(Given records)

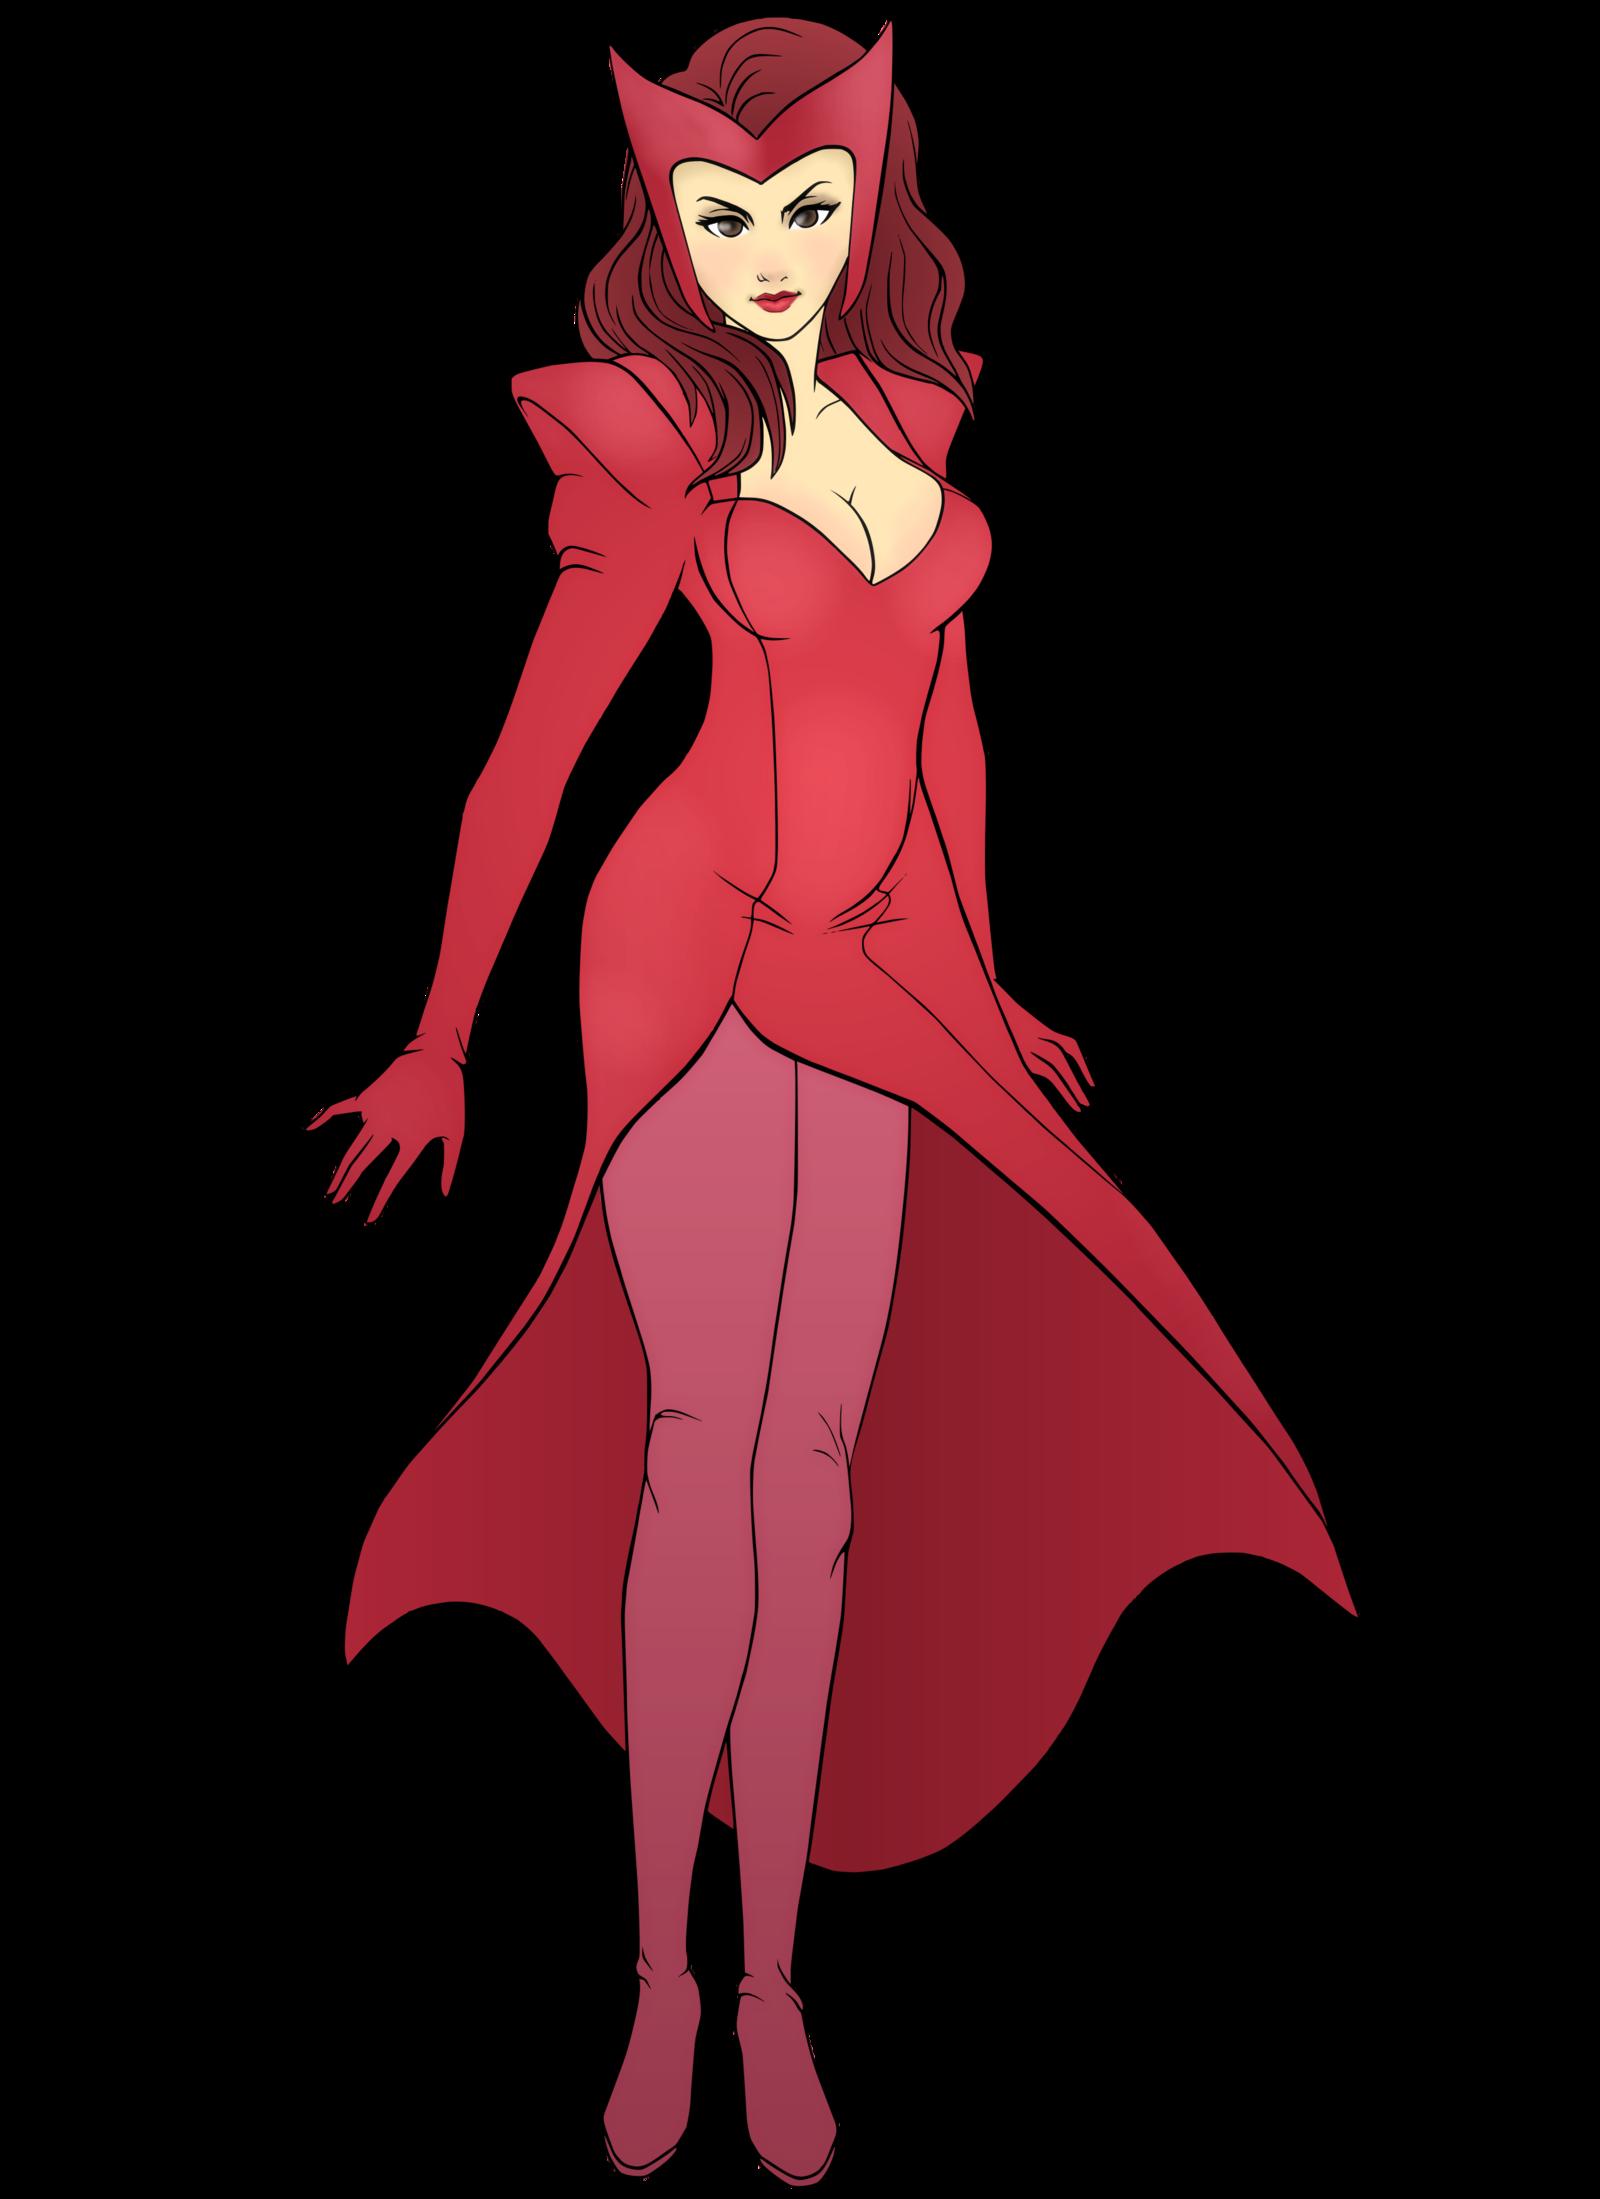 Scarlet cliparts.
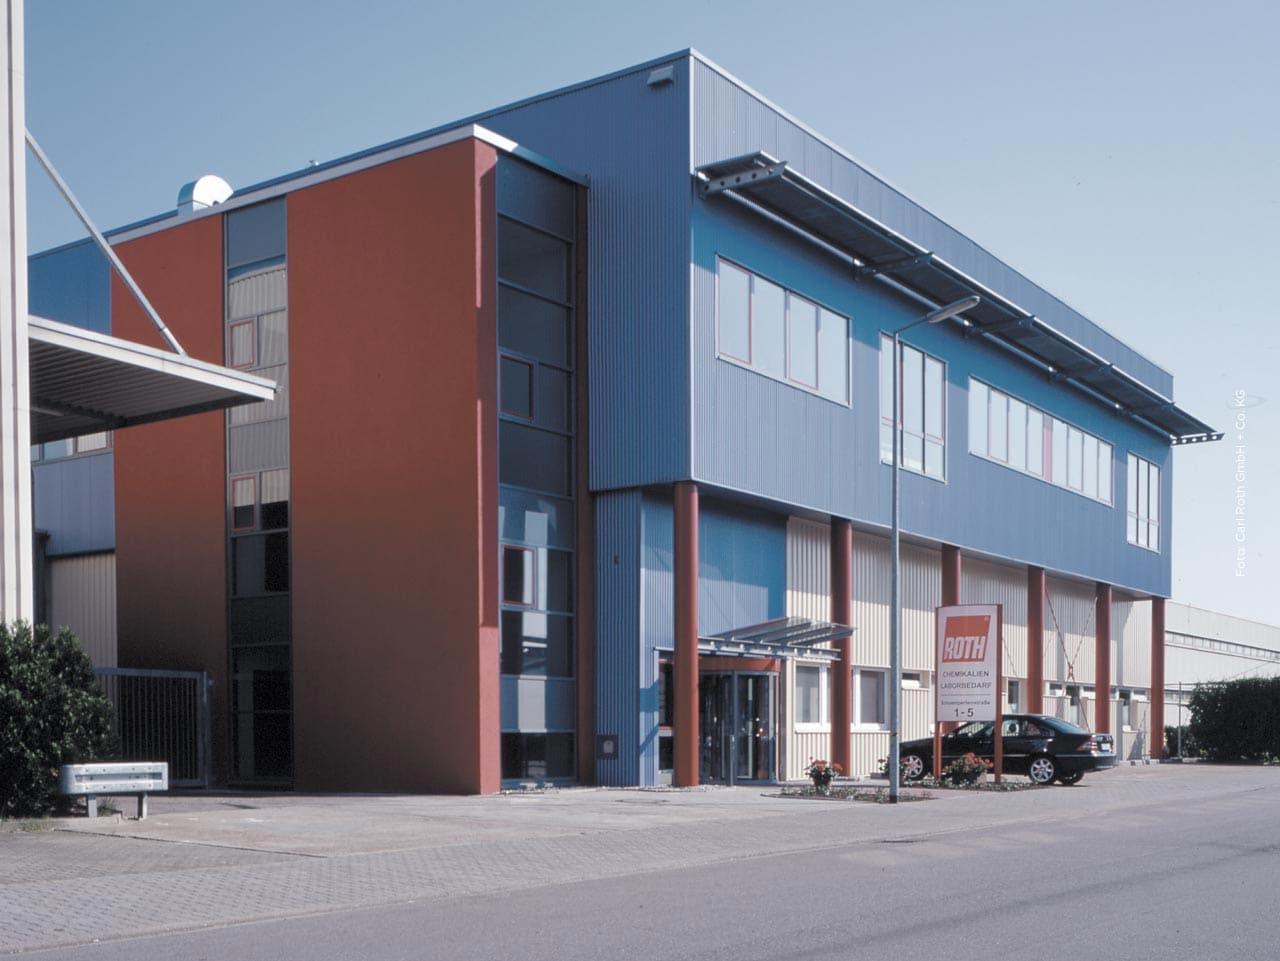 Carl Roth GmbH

(End Given records)
(Given records)

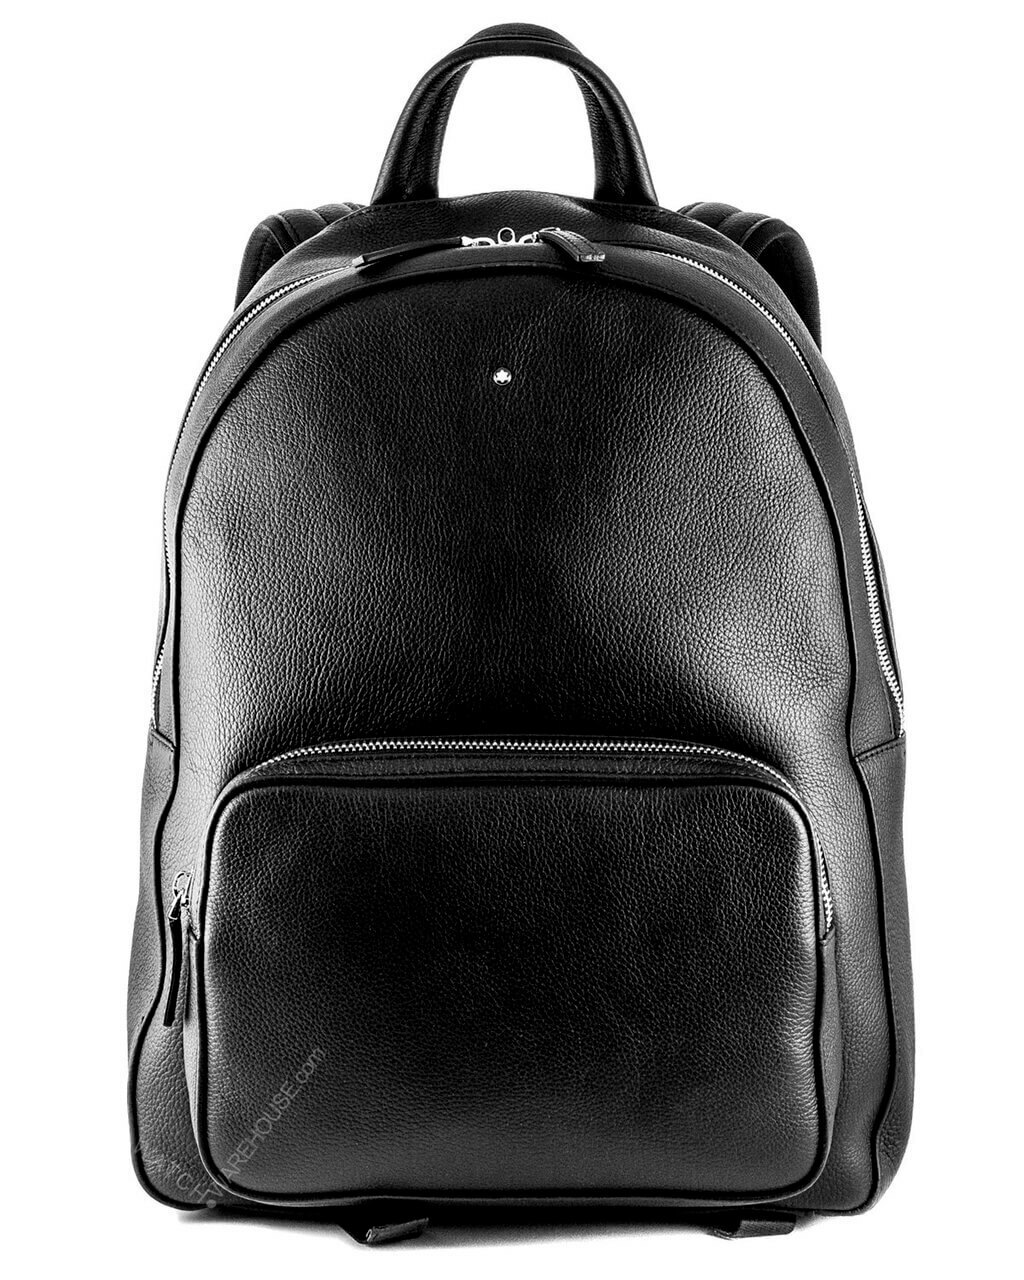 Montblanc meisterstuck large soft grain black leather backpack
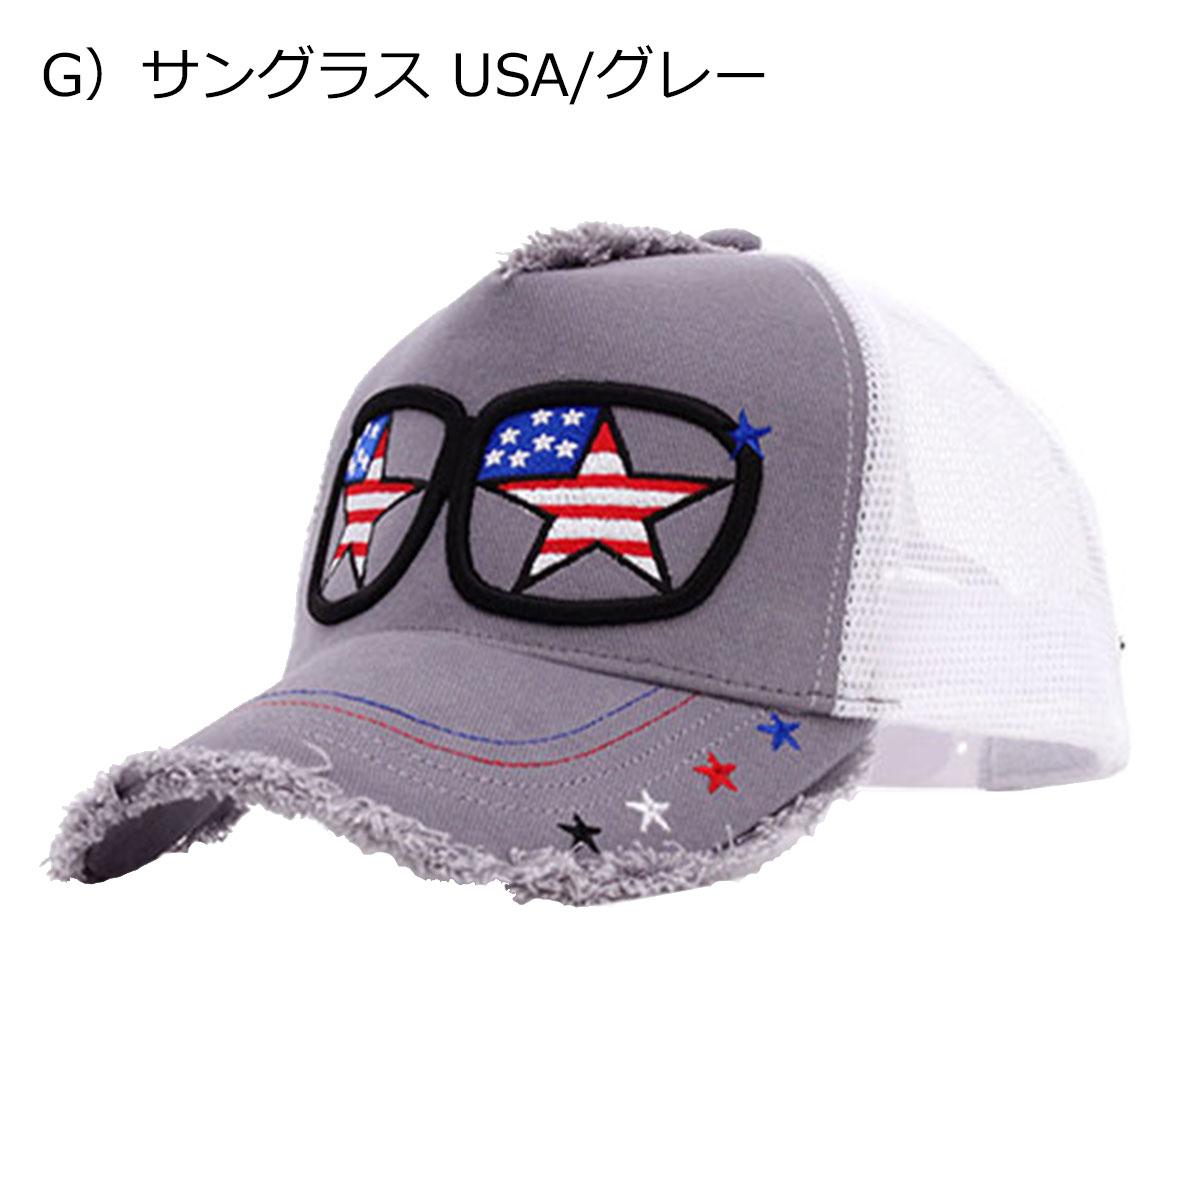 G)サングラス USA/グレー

(End Given records)

→ Task statement
What you need to produce is an exact copy of the entries above, limited to the lines from the one with "Montblanc meisterstuck large" up to and including the one with "G)サングラス USA/グレー", without pictures.

→ Reply to the exercise
 Montblanc meisterstuck large soft grain black leather backpack
 G)サングラス USA/グレー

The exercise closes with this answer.